The Cold War may be over but international espionage lives on. Two former employees of the Los Alamos National Laboratory (LANL) in New Mexico — Pedro Leonardo Mascheroni, 75, and his wife, Marjorie Roxby Mascheroni, 67 — pleaded not guilty on 20 September to 22 counts of offering nuclear secrets to Venezuela, following their arrest on 17 September.
A federal judge released Dr. Mascheroni to a halfway house while his wife was ordered to house arrest. If convicted, they face up to life in prison.
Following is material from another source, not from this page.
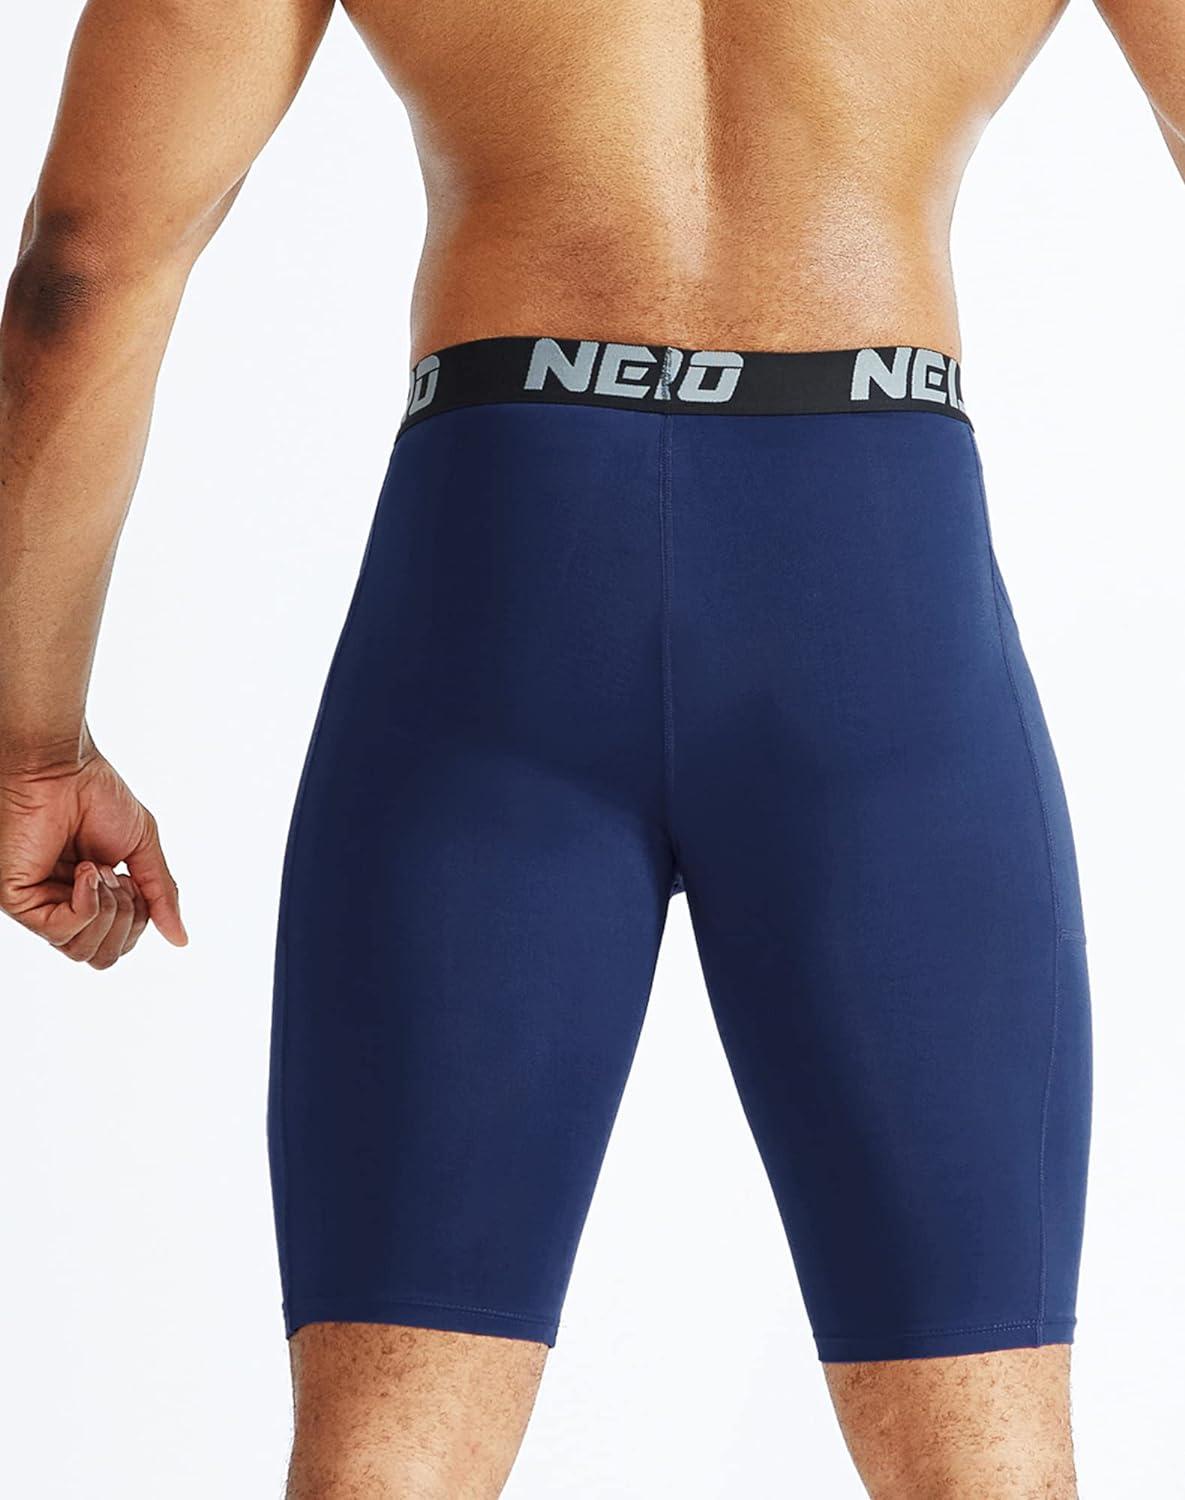 Neleus Men's Compression Short with Pocket Dry Fit Yoga Shorts

A naturalized U.S. citizen from Argentina, Mascheroni worked at LANL’s ultra-secret X Division lab from 1979 until 1987. Court records show that he was fired after criticizing some of the lab’s projects and, at the time, he was also investigated for alleged security infractions
Since March 2008, the FBI had been investigating Mascheroni as part of a sting operation. An undercover agent approached him posing as an operative for Venezuela and, according to the charges, Mascheroni wrote and provided a 132-page document entitled “A Deterrence Program for Venezuela”, containing restricted data on nuclear weapons development. Mascheroni’s wife, a technical writer who worked at the lab between 1981 and 2010, is said to have edited the document.
News of the investigation became public in October 2009, when the FBI seized many documents including computers, books, and cell phones from the couple’s home in Los Alamos.
The U.S. government alleges that Mascheroni told undercover agents he could help Venezuela develop a nuclear bomb within 10 years and that Venezuela would use a secret, underground nuclear reactor to enrich plutonium.